Please make sure that the environment variable LD_LIBRARY_PATH
points to the correct directory, if necessary.
export LD_LIBRARY_PATH=/path/to/cassis/lib
cassis {1pass|create|process|info} [options]
cassis 1pass (new CaSSiS-LCA approach)
Mandatory Options: -seq [... -seq] -tree
Optional: -all -dist -gc -idx -len -mis -og -rc -temp -wm
cassis create
Mandatory Options: -bgrt -seq [... -seq]
Optional: -all -dist -gc -idx -len -mis -rc -temp -wm
cassis process
Mandatory Options: -bgrt -tree
Optional: -og
cassis info
Mandatory Option: -bgrt
Parameter | Function |
---|---|
all | Evaluate all 4^len possible signatures. (Not recommended, may take forever... Default: off) |
bgrt | BGRT file path and name. |
dist number | Minimal mismatch distance between a signature candidate and non-targets. (Default: 0.0 mismatches) |
gc min-max | Only allow signatures within a defined G+C content range. (Default: 0 - 100 percent) |
idx | Defines the used search index: minipt ='MiniPt Search Index' (Default) |
len length|min-max | Length of the evaluated oligonucleotides. Either a fixed length or a range. (Default: 18 bases) |
mis number | Number of allowed mismatches within the target group. (Default: 1.0 mismatches) |
og limit | Number of outgroup hits up to which group signatures are computed. (Default: 0) |
rc | Drop signatures, if their reverse complement matches sequences not matched by the signature itself. (Default: off) |
seq | MultiFasta file as sequence data source Multiple sequence sources can be defined. |
tree | Signature candidates will be computed for every defined (i.e. named) node within a binary tree. Accepts a Newick tree file as source. |
temp min-max | Only allow signatures with a melting temperature within the defined range. (Default: -273 -- 273 degree Celsius) |
v | Verbose output |
wm | Enable "weighted mismatch" values. (Default: off) |
Caution: Combining the -gc
and -temp
filters can cause unwanted side effects as they influence each other.

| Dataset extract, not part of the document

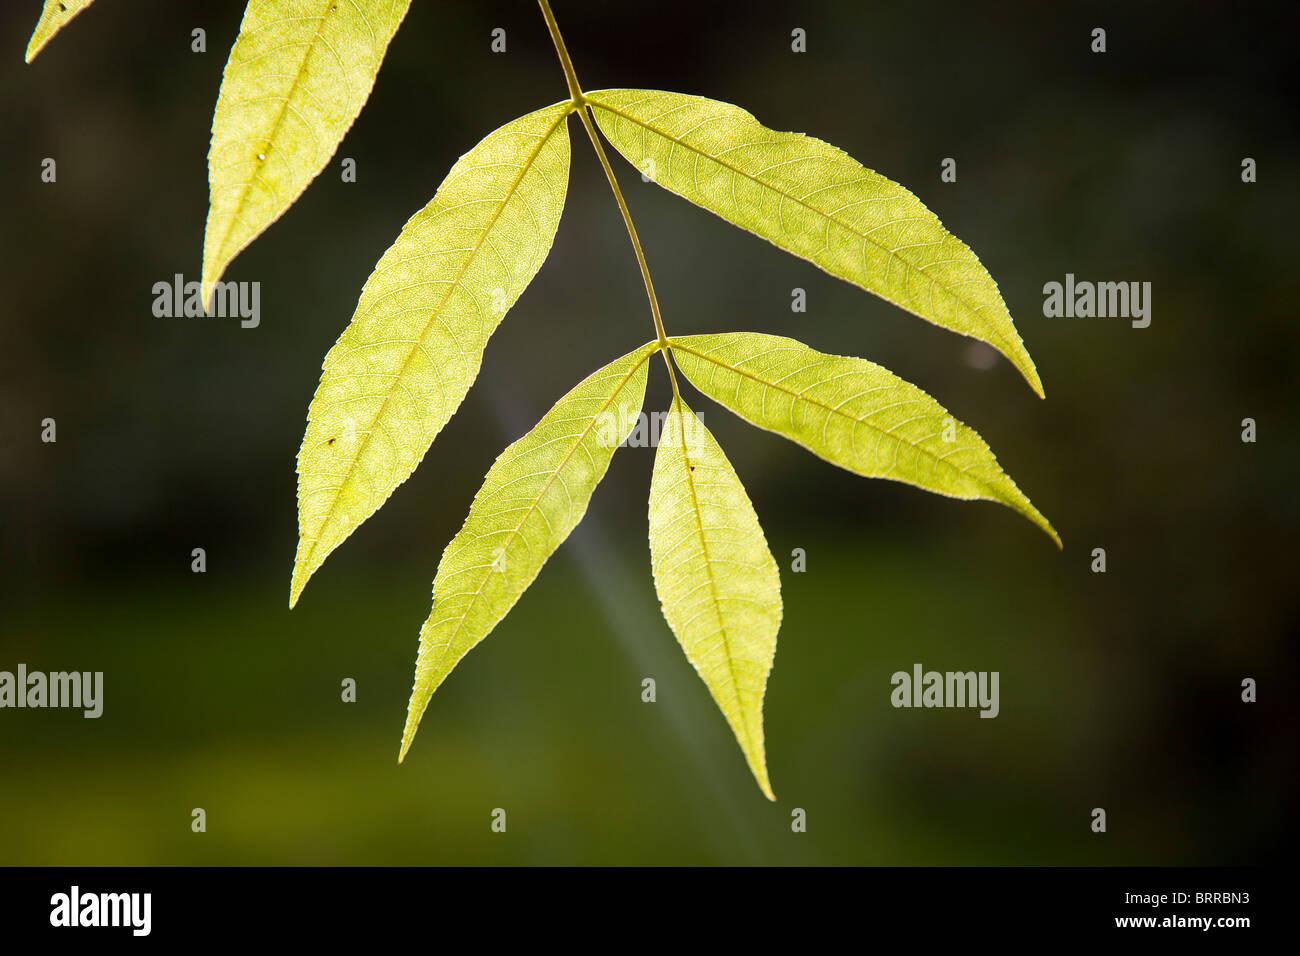 Photosynthesis sun shining ash tree leaves - Stock Image

CaSSiS was designed to compute comprehensive signature sets based on large sequence databases. To be able to further process/parse the result files of CaSSiS, the simple but flexible CSV format was chosen. Smaller result files can be read/edited with spreadsheet software (Excel, LibreOffice, ...). Larger files should be parsed with an appropriate editor or scripts.
When directly run, CaSSiS creates two different types of result files in the CSV format in the current directory: result_array.csv
and results_xxx.csv
where xxx
is defined by the outgroup hits' range.
This file gives an overview over the results. Rows represent the range from 0 to max. outgroup hits. Columns represent the nodes of the hierarchical cluster. All information within this file is also included in the following ones.
This file contains the actual results of CaSSiS, separated by the number of outgroup hits xxx
. Within the files, the first column contains the node identifier of the hierarchical cluster. The second and third column show the number of organisms within the group/node (for leafs/organisms: 1) and the number of actually matched organisms. The appropriate signatures follow subsequently.
CaSSiS is free software: you can redistribute it and/or modify it under the terms of the GNU Lesser General Public License as published by the Free Software Foundation, either version 3 of the License, or (at your option) any later version. CaSSiS is distributed in the hope that it will be useful, but WITHOUT ANY WARRANTY; without even the implied warranty of MERCHANTABILITY or FITNESS FOR A PARTICULAR PURPOSE. See the GNU Lesser General Public License for more details. You should have received a copy of the GNU Lesser General Public License along with CaSSiS. If not, see http://www.gnu.org/licenses/
MiniPT is derived from the ARB PT-Server search index: The ARB software and documentation are not in the public domain. External programs distributed together with ARB are copyrighted by and are the property of their respective authors unless otherwise stated. All other copyrights are owned by the Lehrstuhl für Mikrobiologie, TU München. See the respective license.txt files in the binary/source packages for more details.